Although this kind of assumption is generally not accurate,
experimentation with these parameters showed that this direct ratio
correlation yielded reasonable estimates. The validity of the
assumption was verified by modeling all of the exchangers present in
the suggested design in HYSYS simulation. The utility flowrates (for
cooling water and low pressure steam) were also determined from the
simulation of the suggested case. The price of cooling water was
taken to be $0.05/1000 gal, and the price of low pressure steam was
taken to be $4.00/1000 lb (Seider, et al.). The capital cost and
utilities cost of Kangas' suggested design are shown in Table 5.
Exchanger Capital Cost Utility Flowrate (tonne/hr) Cost($/year)
E-302 $ 149,000 cw 89.4 $ 35,800
E-303 $ 975,000 lps 162. $11,400,000
E-304 $4,000,000 cw 1130. $ 452,000
E-305 $ 41,500 lps 0.0322 $ 2,270
E-306 $ 60,000 cw 39.0 $ 15,600
E-309 $ 16,000 lps 0.364 $ 25,600
E-310 $ 21,200 cw 4.28 $ 1,710
Total Utilities Cost $ 12,000,000
NPV utilities, 20 years, 10% discount rate $103,400,000
TOTAL Capital Cost $ 5,300,000
TOTAL
COST $108,700,000
It is clear from these numbers that the bulk of the cost of the
suggested design comes from the low pressure steam that is fed to the
solvent recovery tower reboiler, E-303. By adding the heat pump
loop, this cost can be avoided. Although the capital cost of the
compressor is extremely high, it, along with the refrigerant and the
expansion valve, are one time costs, and the savings in utilities
more than makes up for the necessary increase in capital investment.
The electricity needed to run the compressor was priced at
$0.04/kWhr. With a necessary power input of 6.14 MW, the electricity
needed to power the compressor system totals $3.2 million. Although
this is no small utilities cost, it is significantly smaller than the
$12 million cost of the suggested design.
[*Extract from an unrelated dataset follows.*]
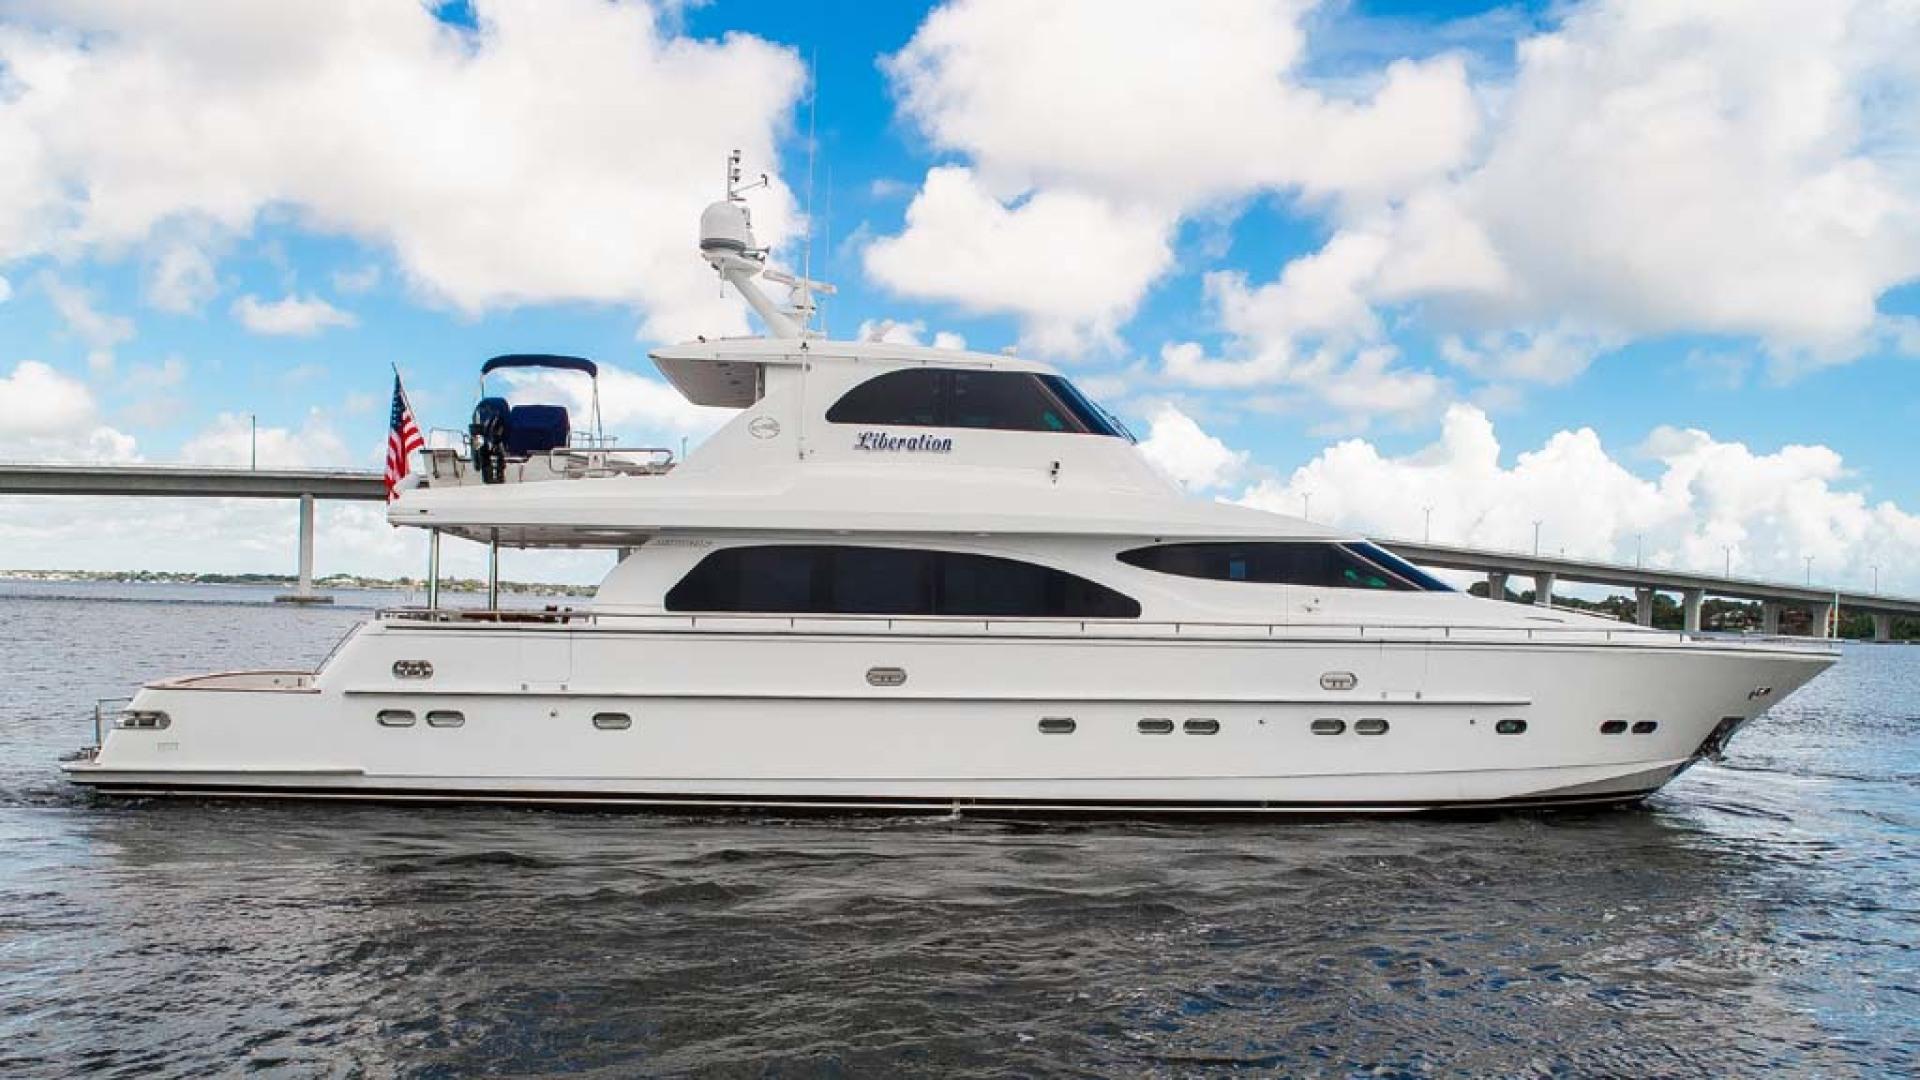 Horizon-Cockpit-Motor-Yacht-2008-Liberation-Stuart-Florida-United-States-Profile-1075306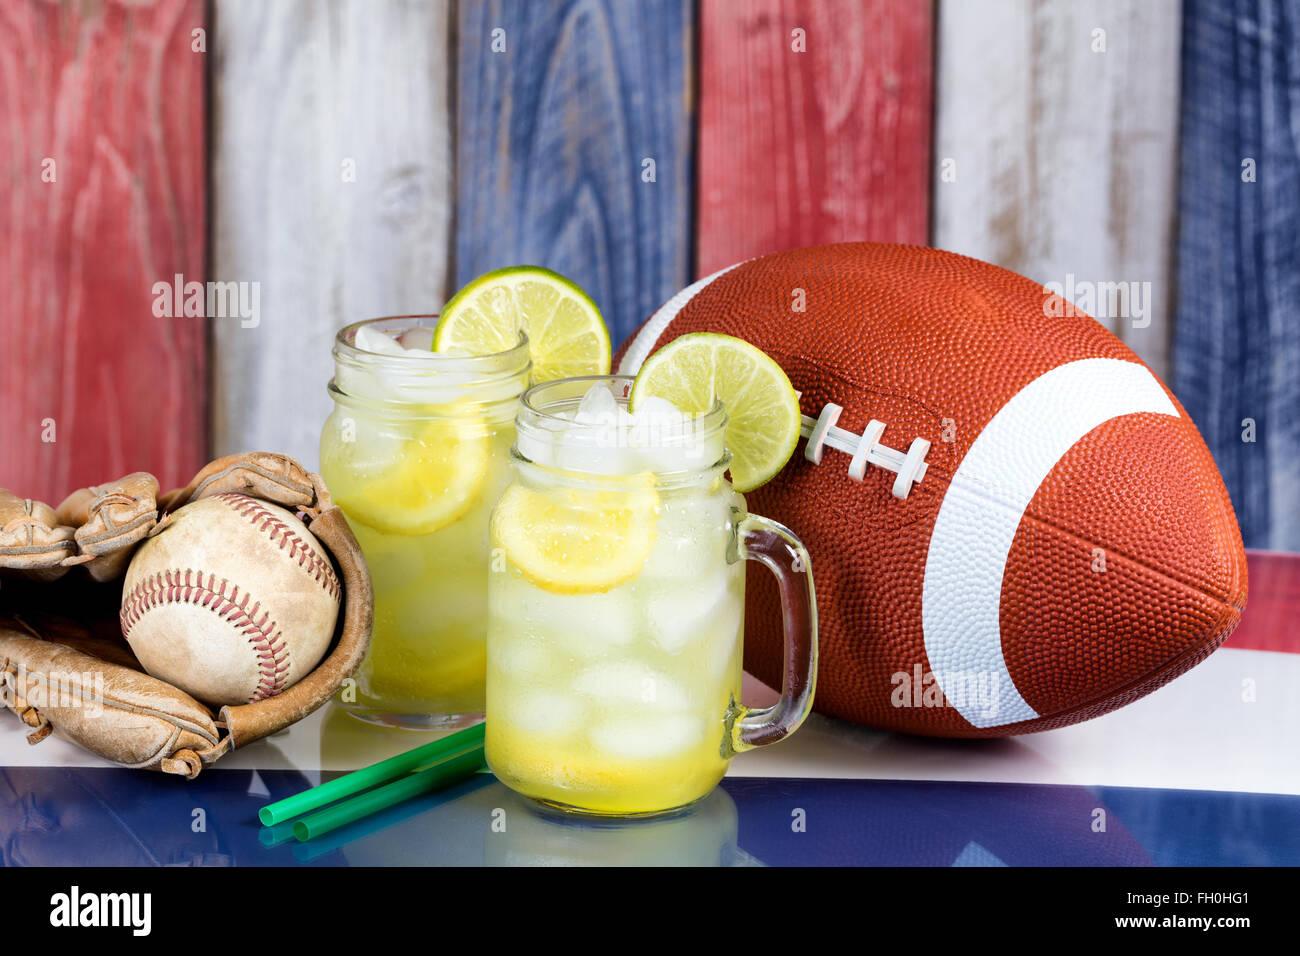 Glas Gläser gefüllt mit kalte Limonade mit sportlichen Elementen.  Holztafeln gemalt, rot, weiß und Stockbild

All capital and operating
costs associated with the optimized design can be found in Table
6.
Equipment* Capital Cost Utility Utility Flowrate(tonne/hr) Utility Cost($/year)
E-302 $ 144,000 cw 84. $ 33,600
E-303a $ 975,000 NONE - $ -
E-303b $ 975,000 lps 162. $ -
E-304a $ 4,000,000 NONE - $ -
E-304b $ 4,000,000 cw 1130. $ -
E-305a $ 41,500 NONE - $ -
E-305b $ 41,500 lps 0.0322 $ -
E-306a $ 60,000 NONE - $ -
E-306b $ 60,000 cw 39.0 $ -
E-309 $ 11,900 NONE - $ -
E-310 $ 10,000 cw 0.856 $ 342
AC-100 $ 201,000 Electricity
Compressor, $38,000,000 4000 kW $ 3,200,000.00
Drive, and Electricity
Valve
Refrigerant $ 180.00
Total Utilities Cost $ 3,234,000
NPV utilities, 20 years, 10% discount rate $28,000,000
TOTAL Capital Cost $48,500,000
TOTAL COST $76,500,000
* Where backup exchangers are used, main
exchangers are designated "a", and auxiliary exchangers are
designated "b"
The effect of the decrease in operating cost is amplified when the
present value of the cost is calculated for a twenty-year plant life.
The comparison between the suggested design costs and those of the
optimized design can be seen in Figure 4.
The large increase in the capital cost is due to the addition of the heat pump loop and the back-up exchangers. Pricing information for the compressor and any necessary auxiliary equipment associated with it was obtained from Dresser-Rand. The total capital cost for the entire compressor system was $38 million. Despite the increased capital cost, over a twenty year plant life, implementation of the design that we have proposed will save an estimated $32 million, a 30% reduction in cost as compared to the suggested design.